▸ Dataset extract
§ §

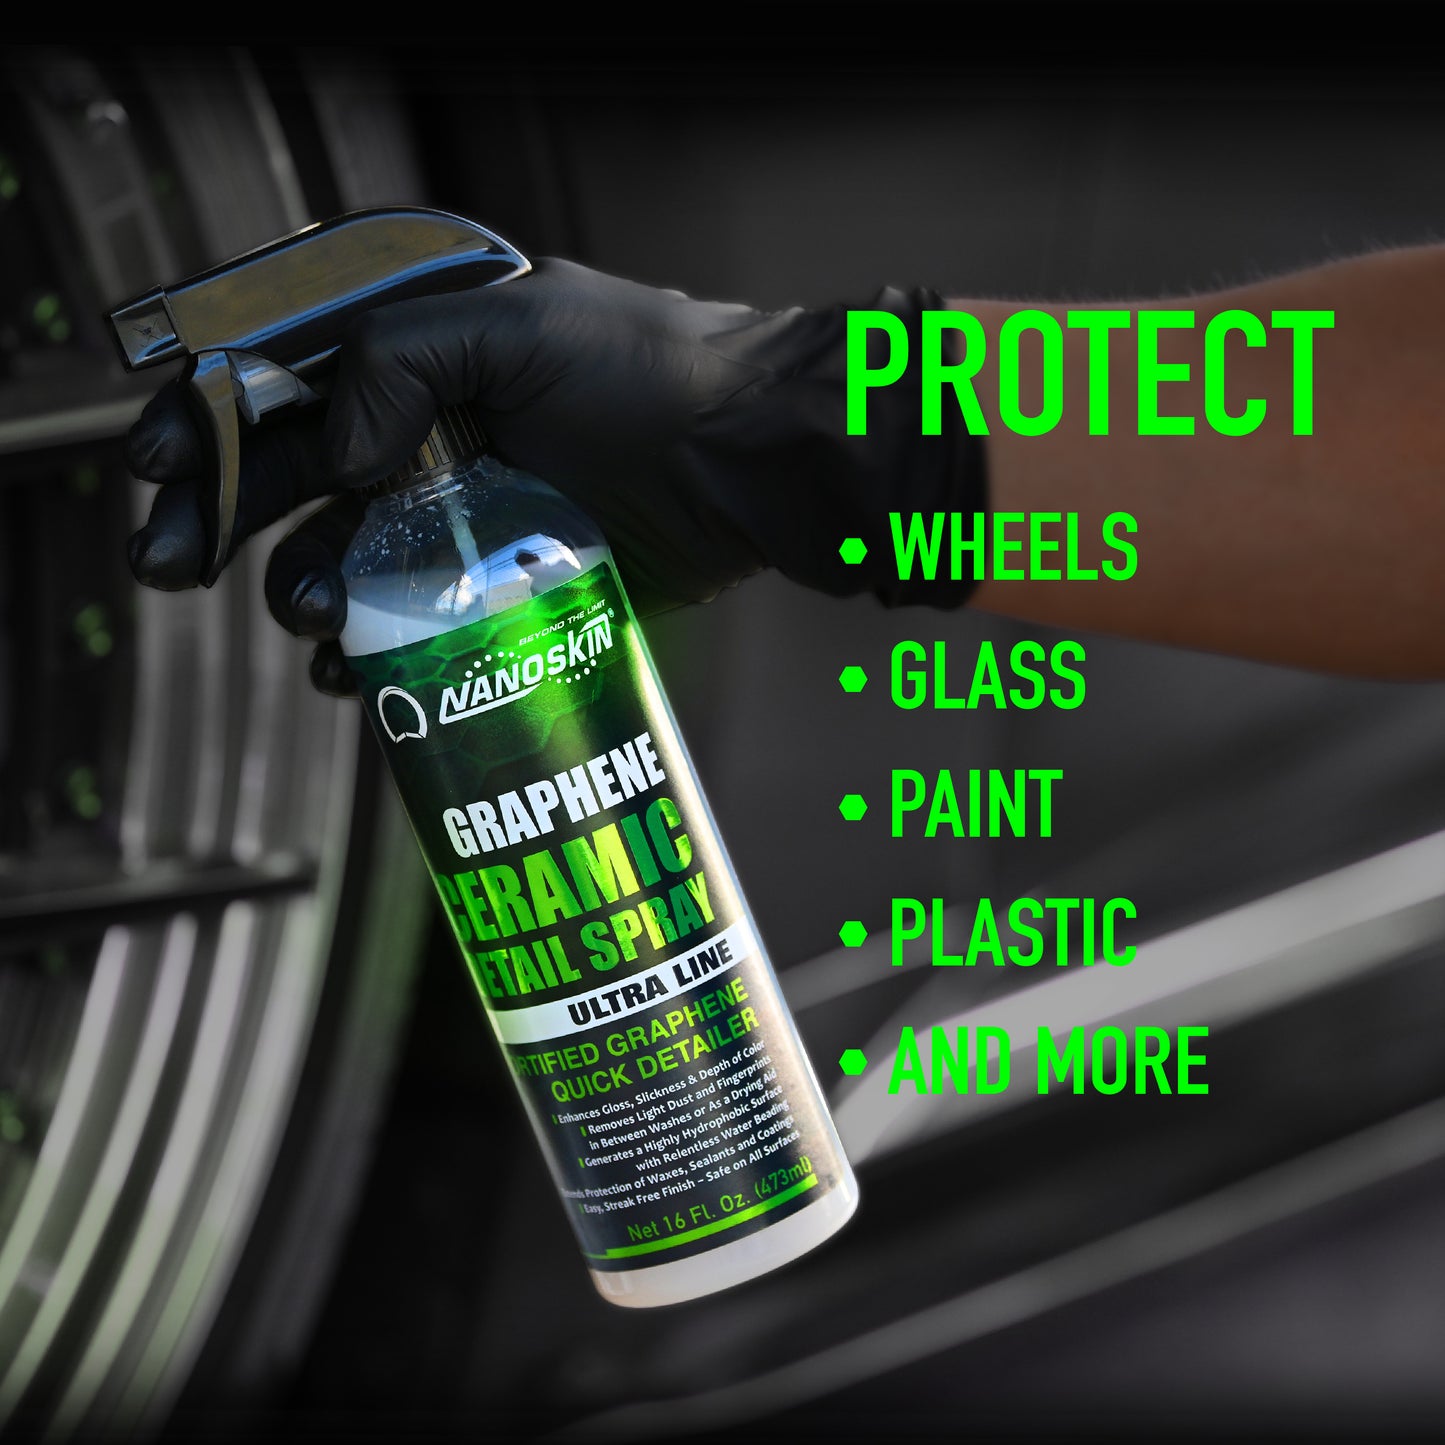 Puris Car Care G66 Graphene Detail Spray - quick detailer z
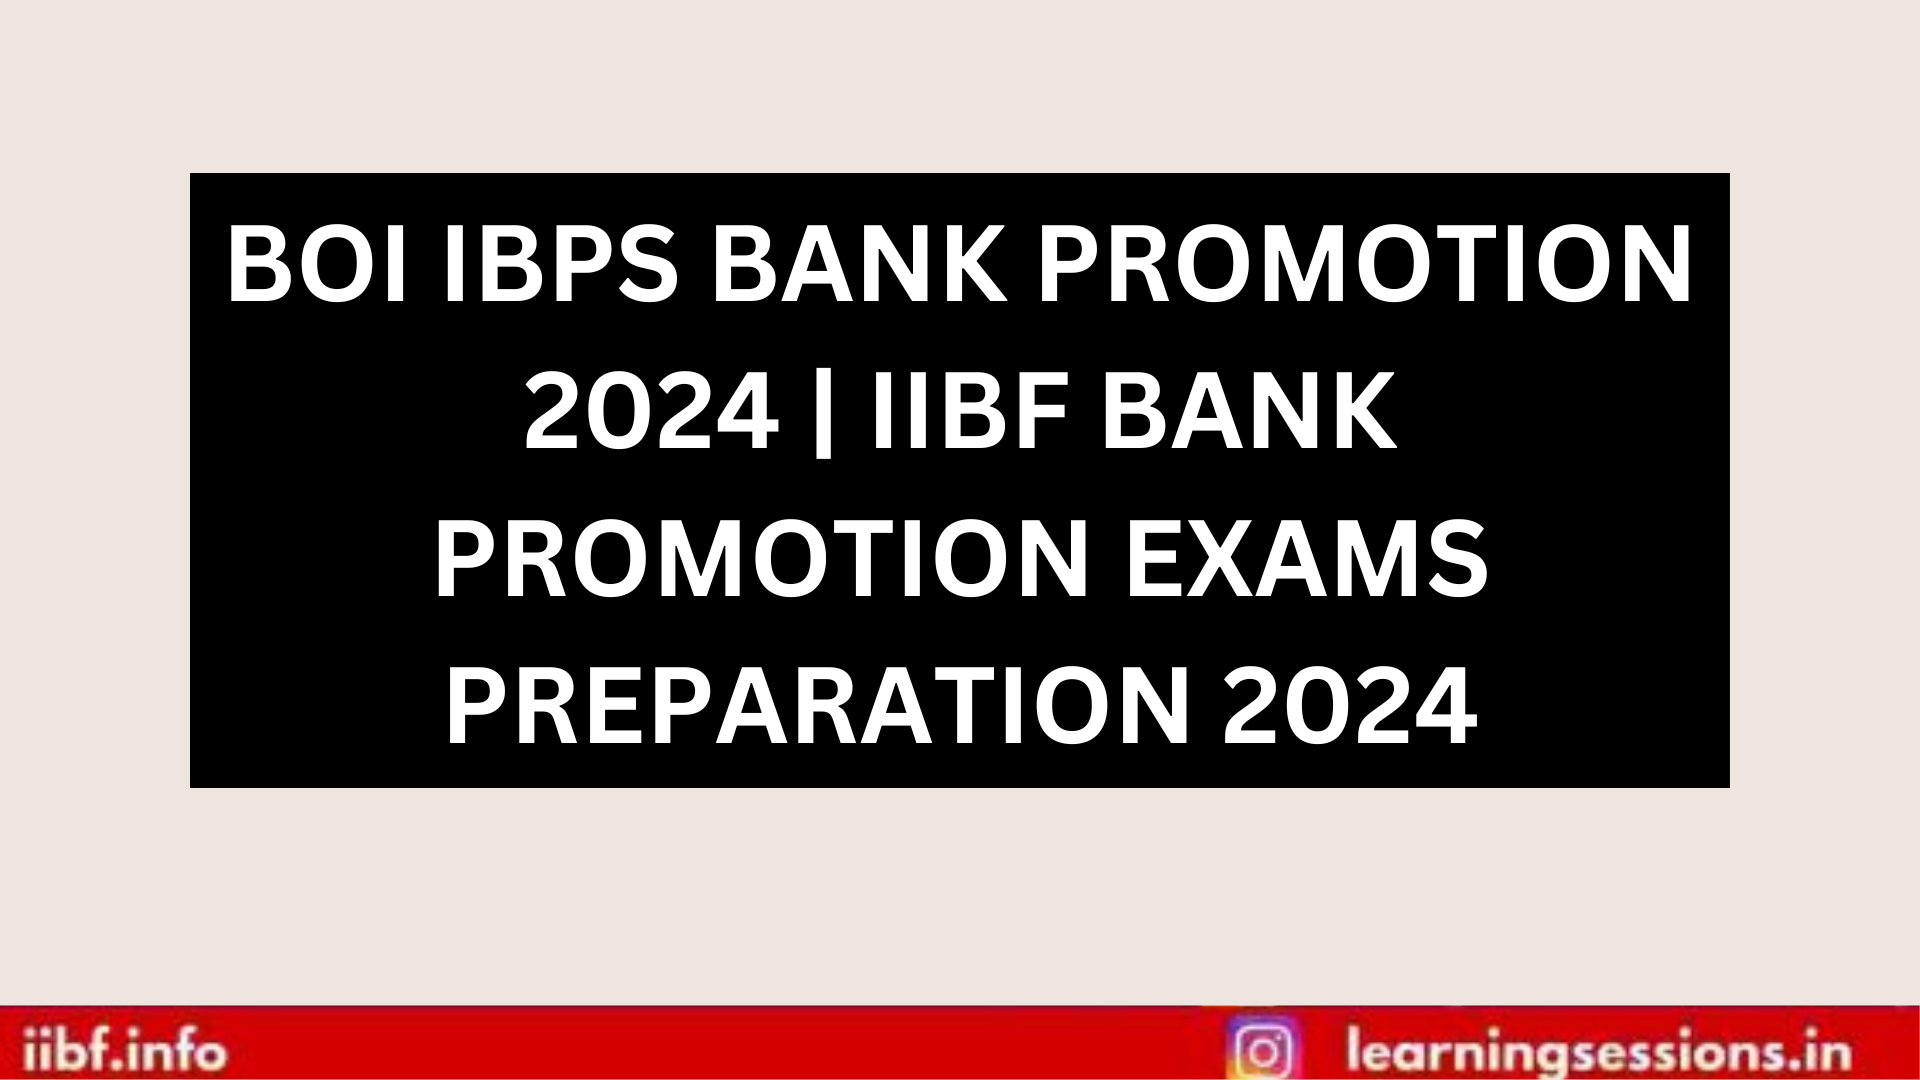 BOI IBPS BANK PROMOTION 2024 | IIBF BANK PROMOTION EXAMS PREPARATION 2024
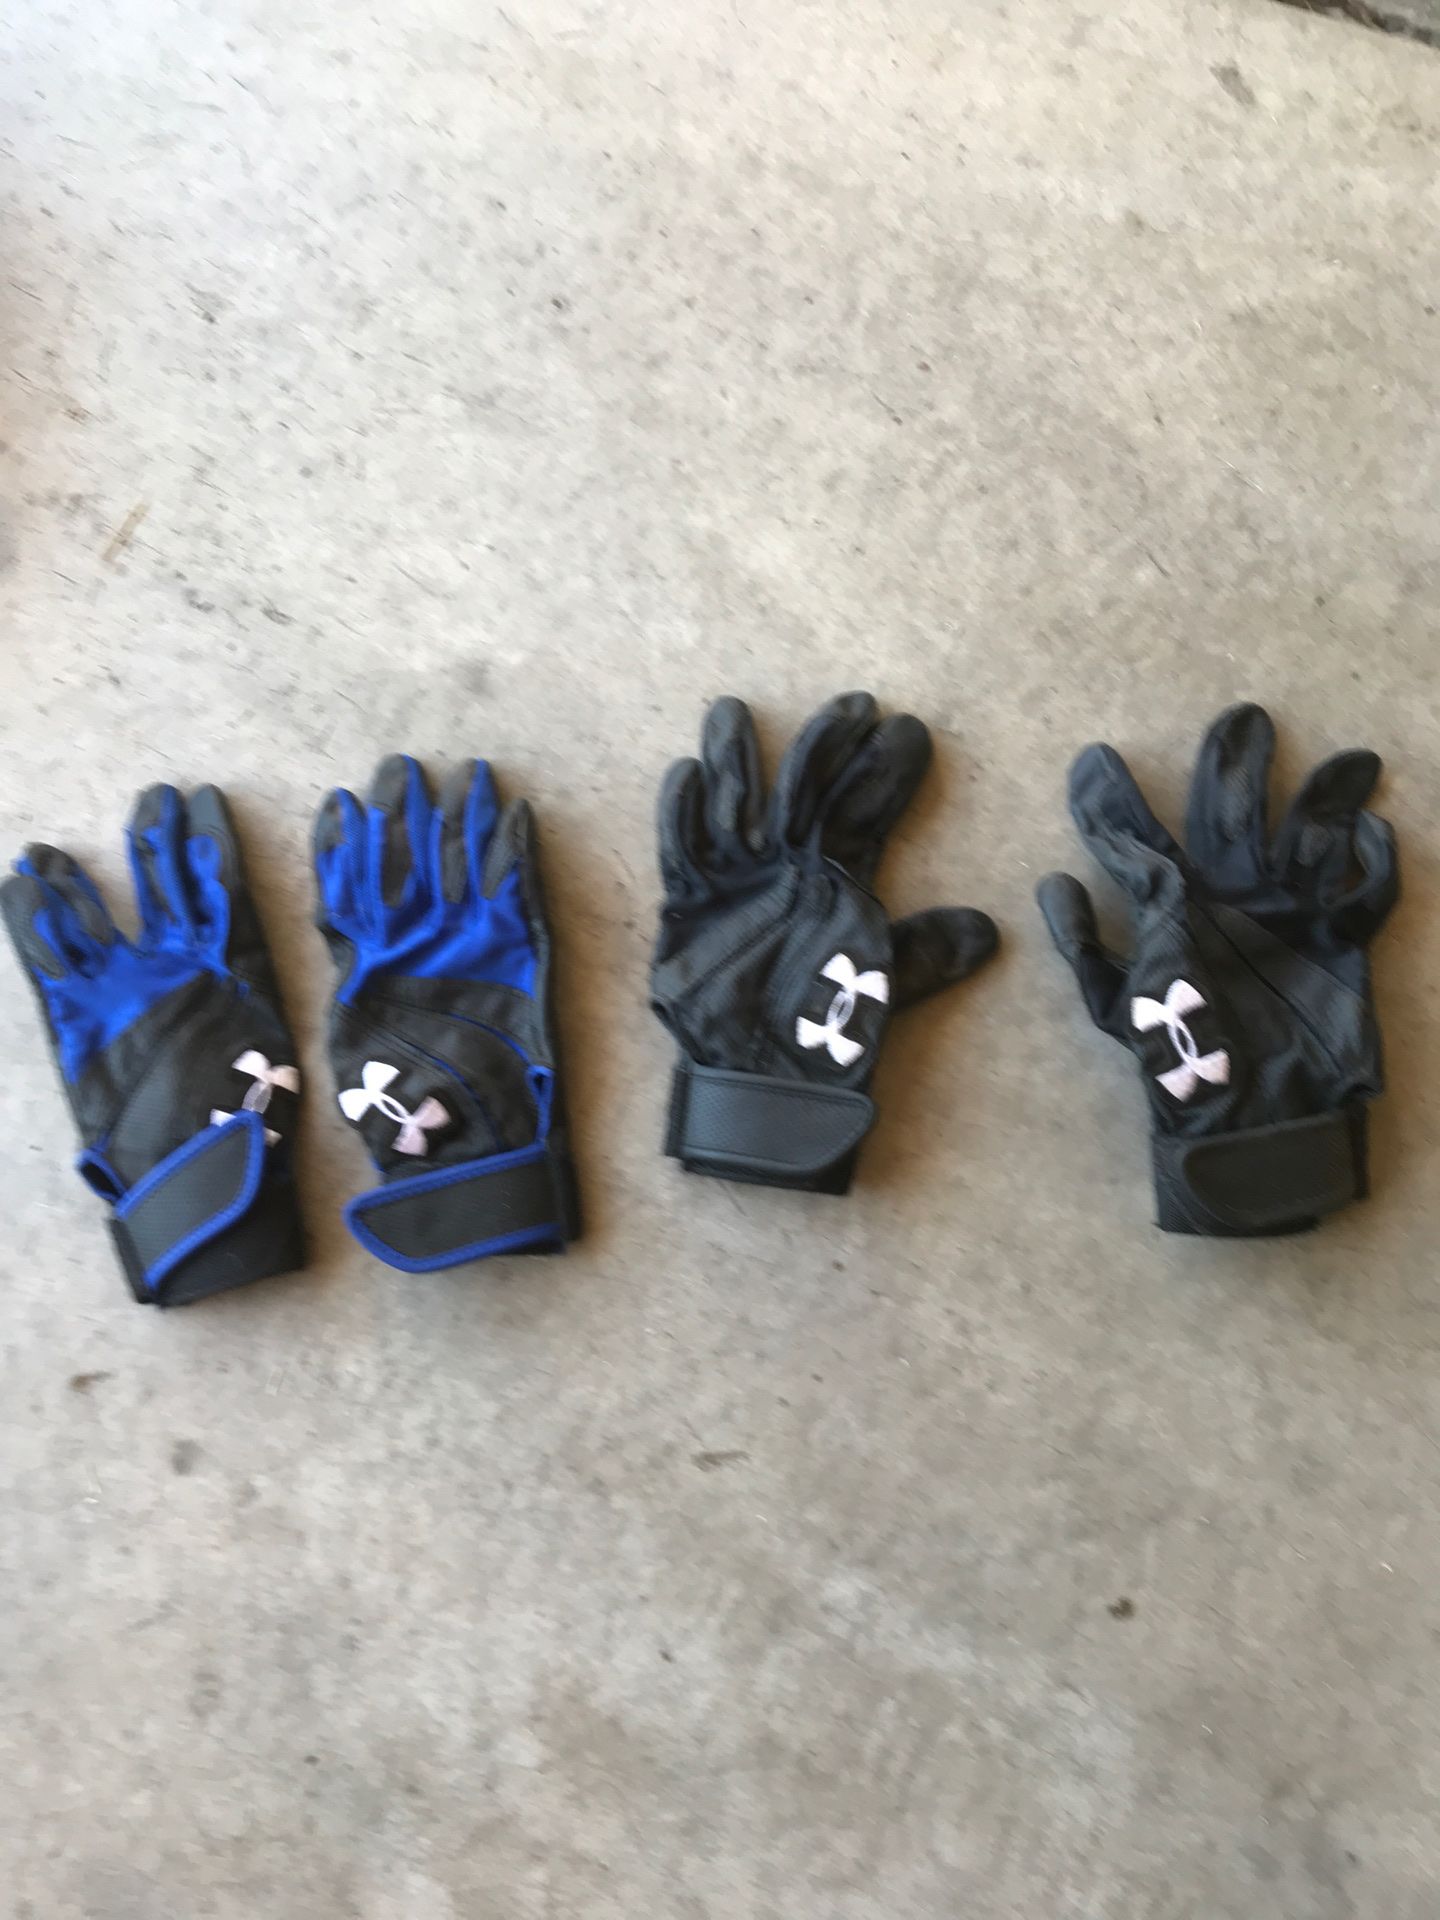 2 pairs of UnderArmor and 1 pair Easton baseball batting gloves
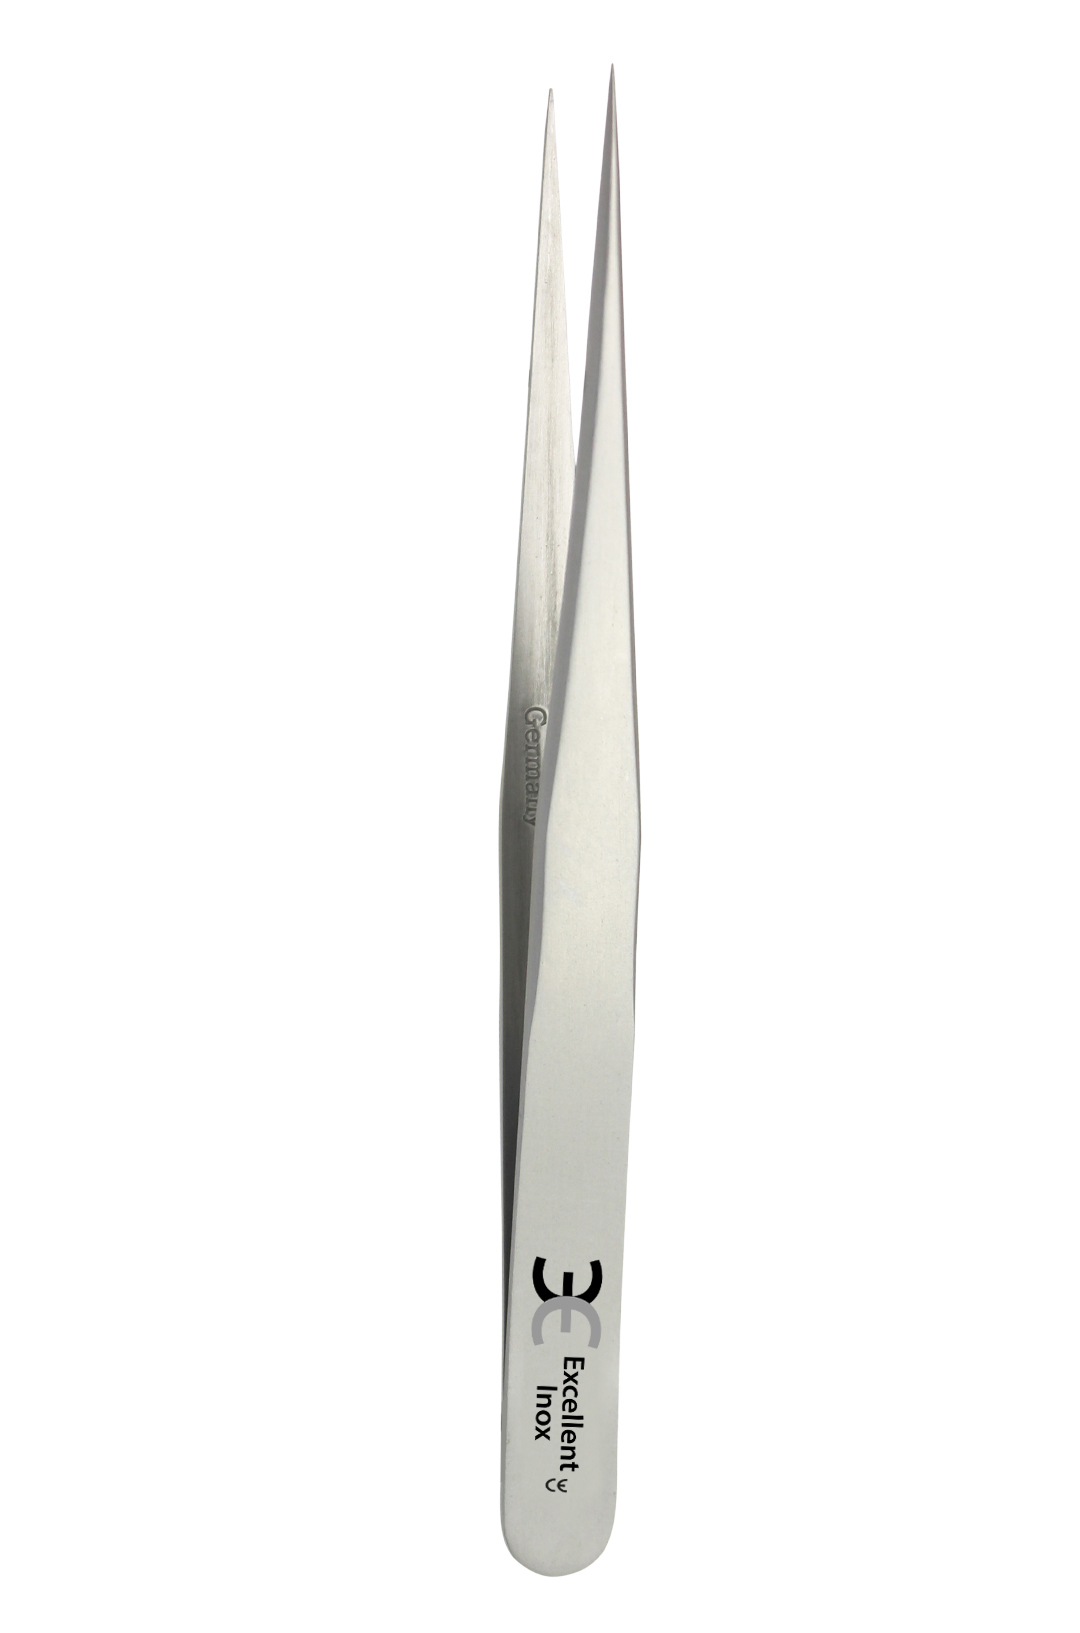 Excellent tweezers 9.0 cm, super pointed, stainless steel

§ §

Strip the images and return the remaining data exactly.

▸ Solution
 Puris Car Care G66 Graphene Detail Spray - quick detailer z
 BOI IBPS BANK PROMOTION 2024 | IIBF BANK PROMOTION EXAMS PREPARATION 2024
 2 pairs of UnderArmor and 1 pair Easton baseball batting gloves
 Excellent tweezers 9.0 cm, super pointed, stainless steel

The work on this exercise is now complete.